Speaking after a ministerial meeting on Wednesday, government spokesperson Olivier Véran said a cross-party committee to look at a modification of a law on cybersecurity currently going through parliament would be set up.

Véran said the government had made a “firm request” to social media platforms to take down materials encouraging violence as quickly as possible and remove the anonymity of those possibly breaking the law.

“A young person should know he cannot sit behind his screen and write, organise or do whatever he wants. Anonymity in terms of offences doesn’t exist. You have to understand this can have consequences and the consequences can lead to punishment,” Véran said.

Asked if it meant suspending social media, the Véran added: “It could be something like suspending a function, such as geolocalisation.”

The government has battled riots and looting since a police officer fatally shot 17-year-old Nahel M during a traffic stop on 27 June, rekindling longstanding accusations of systemic racism among France’s security forces.

A 38-year-old police officer has been officially put under investigation – the French equivalent of being charged – for voluntary manslaughter and is being held in custody.

As France reflects on how to avoid further social turbulence amid accusations of systemic racism in the police and in the wider society, one of the country’s most senior right-wing politicians was accused of “crass racism” by claiming those taking part in the riots had undergone “a regression to their ethnic roots”.

Dismissing interior minister Gérald Darmanin’s report to the Assemblée Nationale that 90% of those arrested were French, Bruno Retailleau, who heads the mainstream right Les Républicains party in the Sénat, said this was not “their identity”.

“Unfortunately, for the second and third generations [of immigrants], there is a sort of regression towards their ethnic roots,” he told FranceInfo.

Afterwards, Mathilde Panot, parliamentary leader of the hard-left La France Insoumise (LFI – France Unbowed) denounced the remark as “crass racism”. Another LFI MP, Clémentine Autain, added: “these people, oozing racism, dare give lessons about good republican behaviour.”

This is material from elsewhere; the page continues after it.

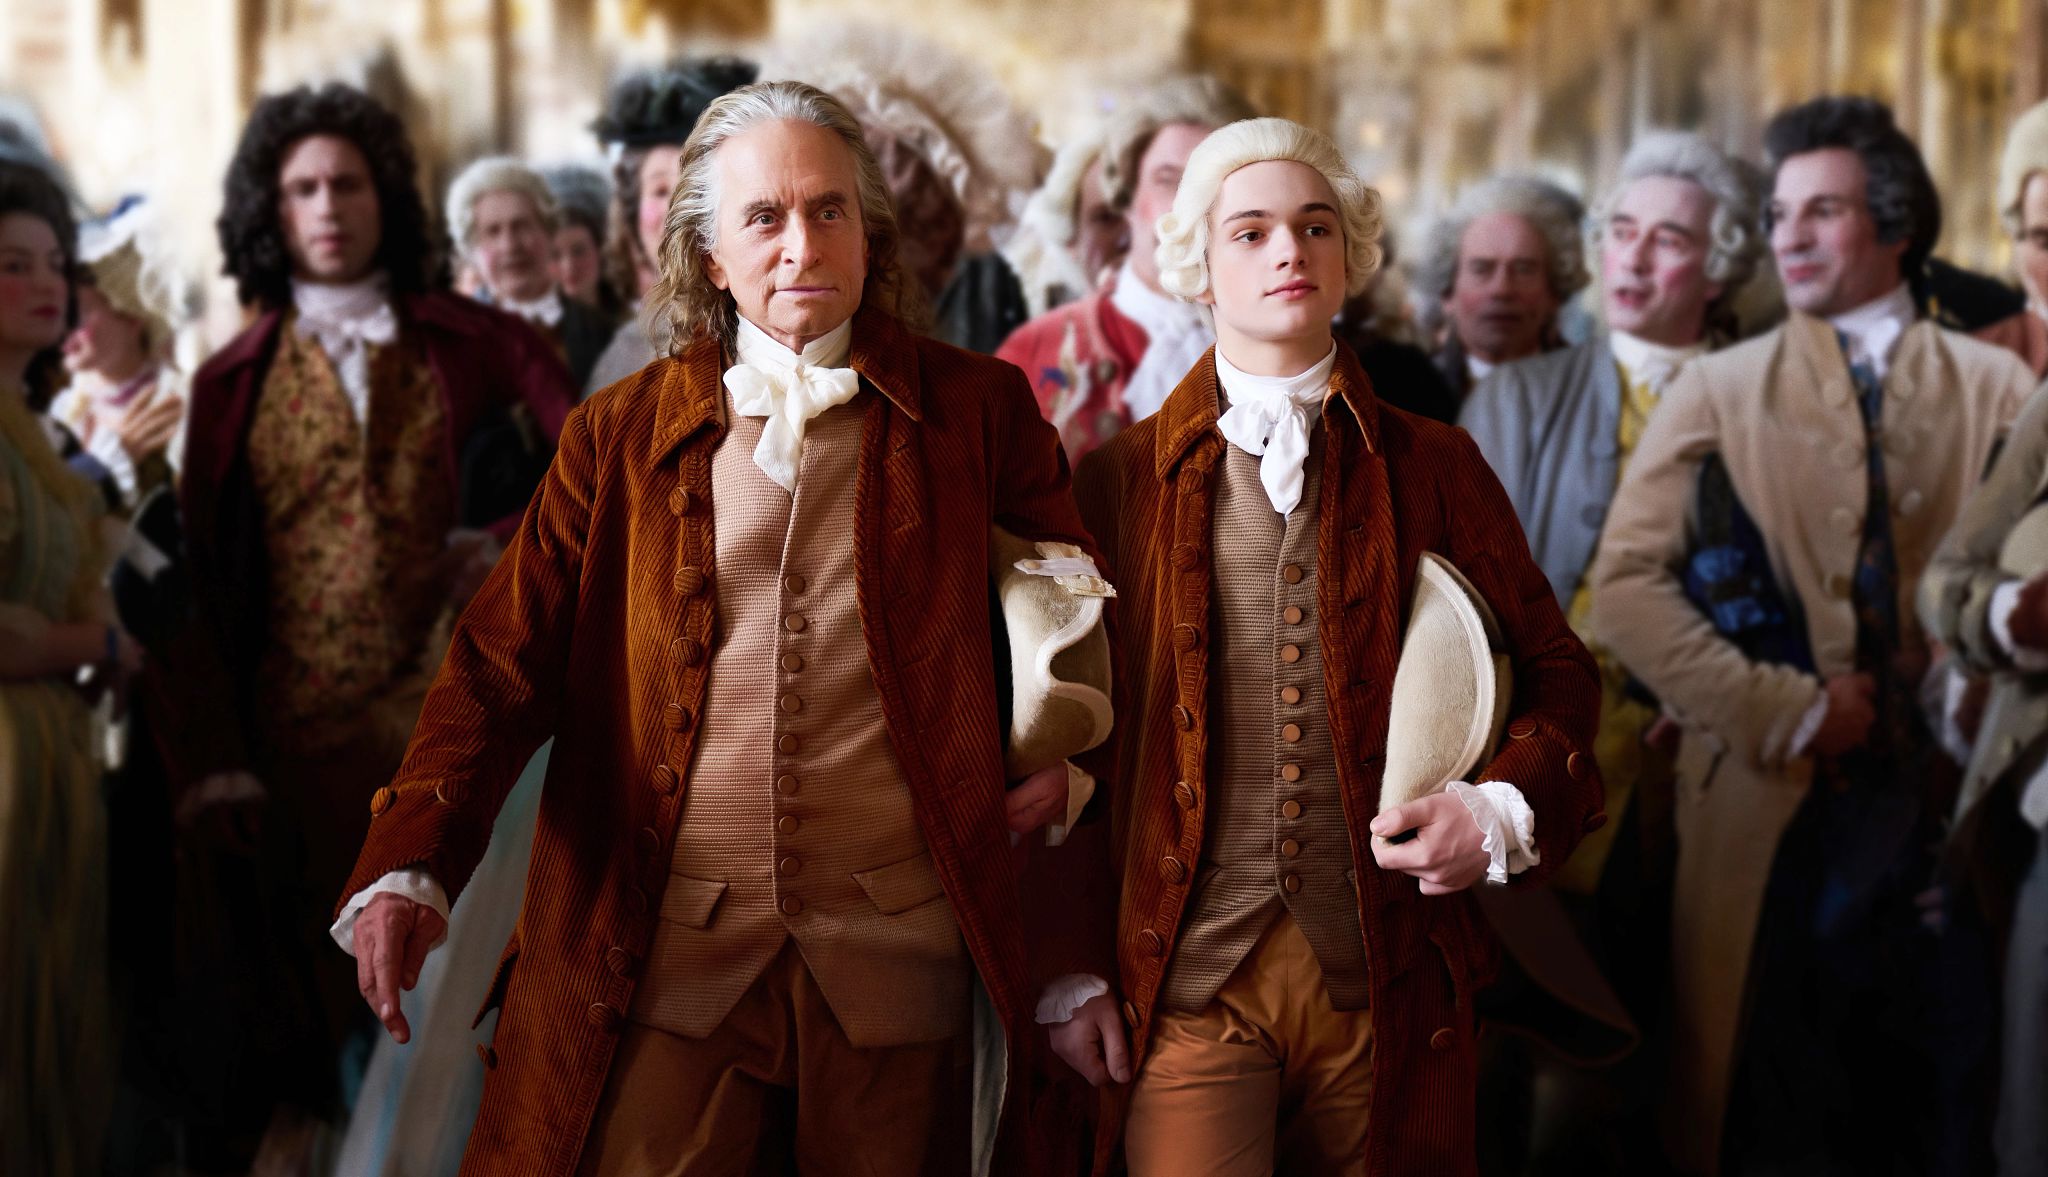 Michael Douglas and Noah Jupe walking together in a scene in the Apple TV Plus series Franklin

As the violence appeared to be dropping – with 17 arrests overnight Tuesday, seven in Paris – the transport minister, Clément Beaune, announced public transport services, halted at 9pm to persuade people to stay at home, would return to normal on Wednesday. In the Île-de-France region the damage to buses and trams, several of which were set alight, is estimated at about €20m.

French prosecutors have opened an investigation into the death of a 27-year-old man who was hit by a projectile during riots and pillaging in Marseille on Saturday. The man is believed to have died from a violent shock to the chest from a “flash-ball” used by riot police that led to a cardiac arrest.

Prosecutors said it was not possible to determine where the man was when he was hit or whether he had taken part in the riots.

Flash-ball guns are designed to be non-lethal riot control weapons that do not penetrate the skin. Their use by police in France is disputed as the projectiles have led to the loss of eyes, head injuries and other trauma.

The EU justice commissioner, Didier Reynders, on Wednesday said that violence in France, by some police officers and demonstrators “poses a problem”, in comments to Belgian radio.

“It is striking” that a “very high level of violence” was seen in protests in France in recent years over cost of living, pension reform and last week’s police killing of a teen driver, he told Belgian public radio RTBF.

Reynders said the issue was with “a certain number of police officers … [and] the behaviour of people who have the right to freely protest – that’s a fundamental right – but not to loot shops, to destroy stores, not to destroy public equipment”.